My dataset class looks like this:
class DatasetBlaBla(Dataset):
def __init__(self, root_path, ipt, tgt, transform=None):
super(DatasetBlaBla, self).__init__()
self.root_path = root_path
self.ipt = ipt
self.tgt = tgt
self.transform = transform
def __len__(self):
l1 = os.listdir(os.path.join(self.root_path, self.ipt))
l2 = os.listdir(os.path.join(self.root_path, self.tgt))
number_files_inp = len(l1)
number_files_tgt = len(l2)
if number_files_inp == number_files_tgt:
return number_files_inp
def __getitem__(self, idx):
img_path_input_patch = os.path.join(self.root_path, self.ipt, f"ipt_{idx}.npy")
img_path_tgt_patch = os.path.join(self.root_path, self.tgt, f"tgt_{idx}.npy")

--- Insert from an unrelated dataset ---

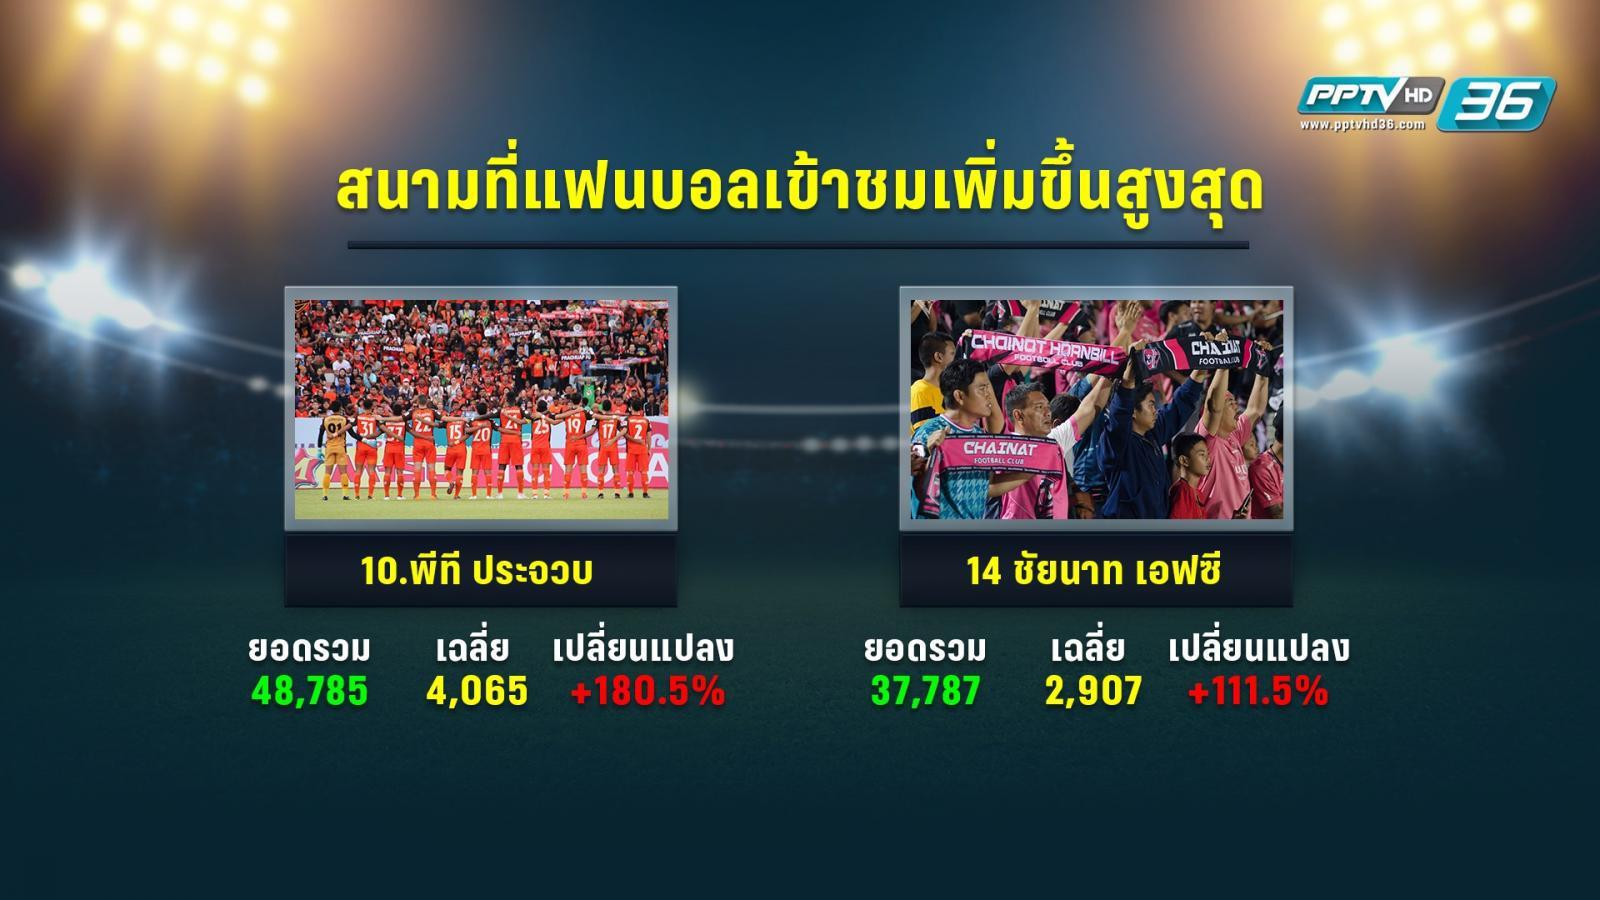 """เปิดสถิติ """"แฟนบอลไทยลีกลดลง"""" สัญญาณอันตรายลูกหนังไทย"""
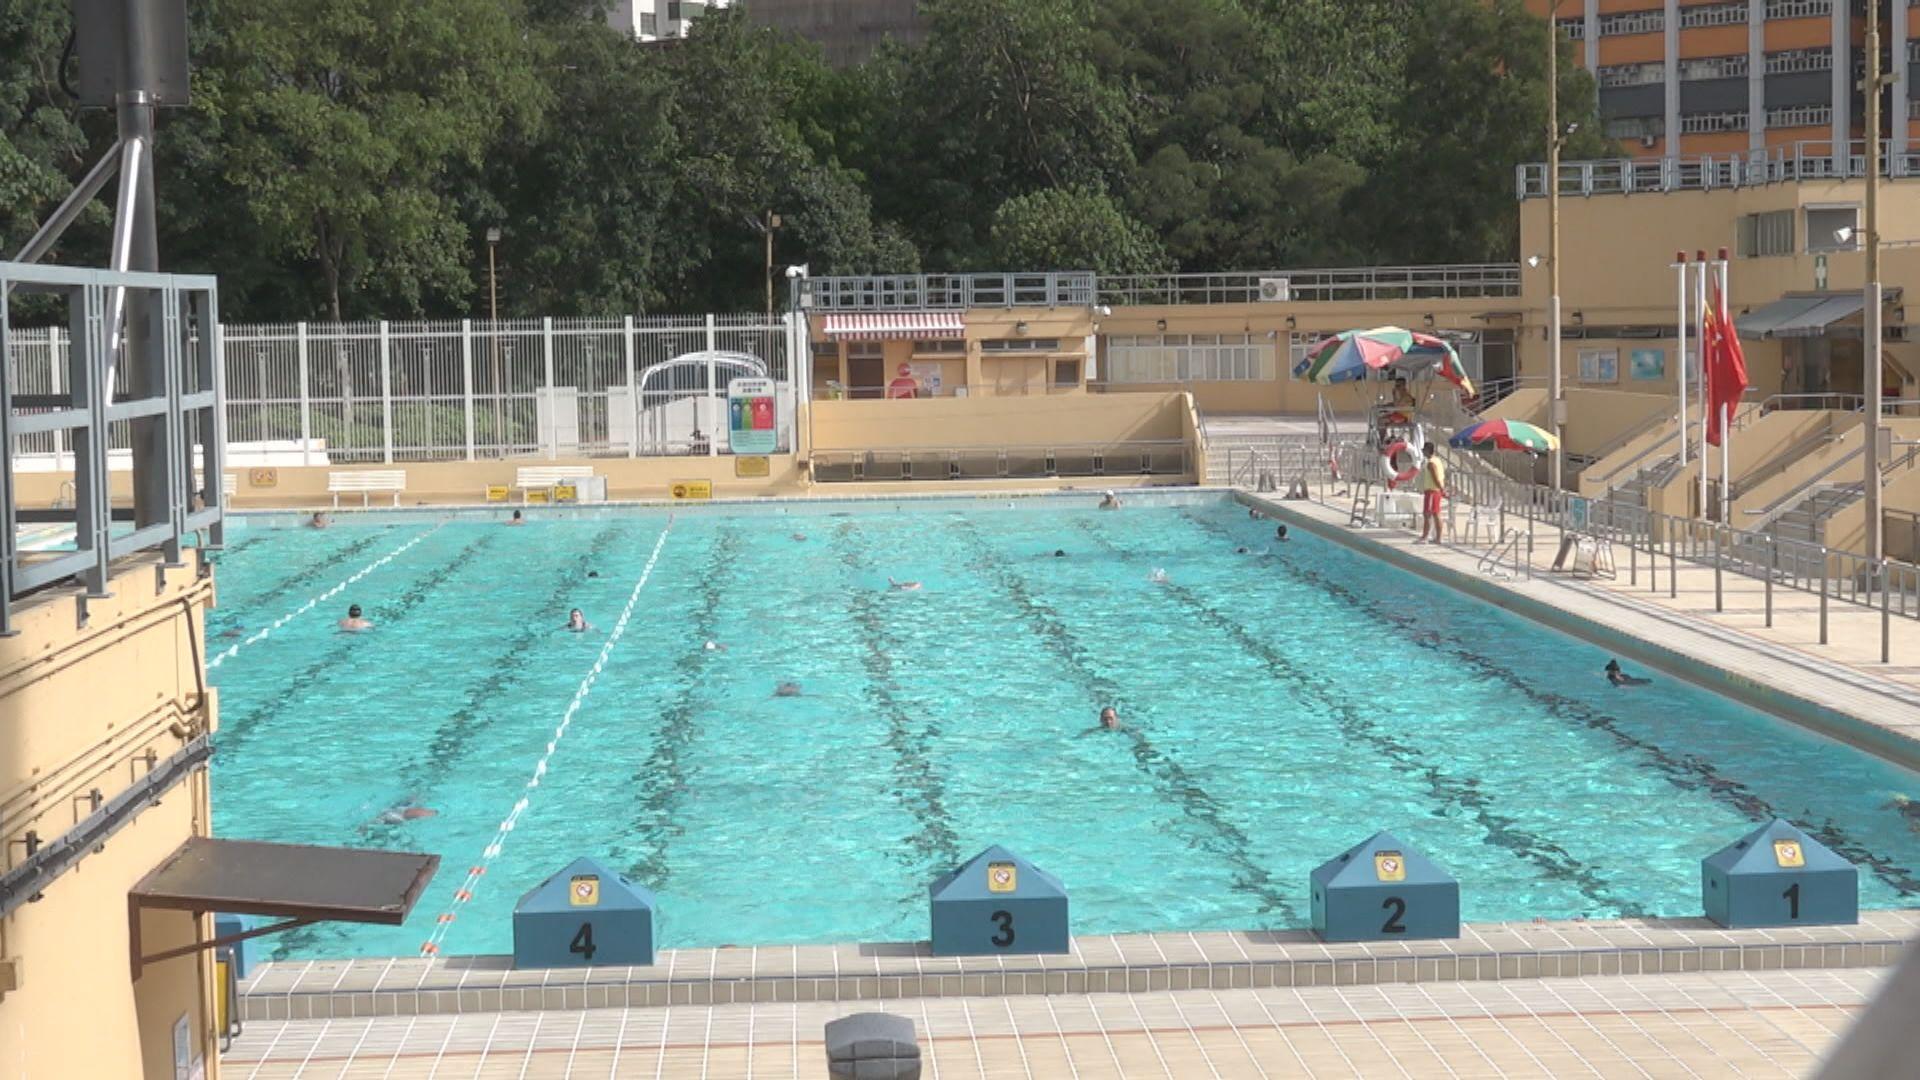 申訴專員:部分體育總會分配公眾泳池泳線機制不公

input_patch = np.load(img_path_input_patch)
tgt_patch = np.load(img_path_tgt_patch)
if self.transform:
input_patch = self.transform(input_patch)
tgt_patch = self.transform(tgt_patch)
return input_patch, tgt_patch
When creating the dataset, one instance is created, which I then split into train/val/test using:
train_set, val_set, test_set = torch.utils.data.random_split(dataset, [train_size, val_size, test_size])
Finally, we come to the question:
What are best practices, in this case, to apply transformations on the train_set only?
I have looked through the forum and found a variety of approaches; however, I still wondered whether there is a distinct best practice for my use case. Also, I do not want to split the folders into train/val/test subfolders because the reshuffling will be an issue with my amount of data.
Thank you for your help,
Cheers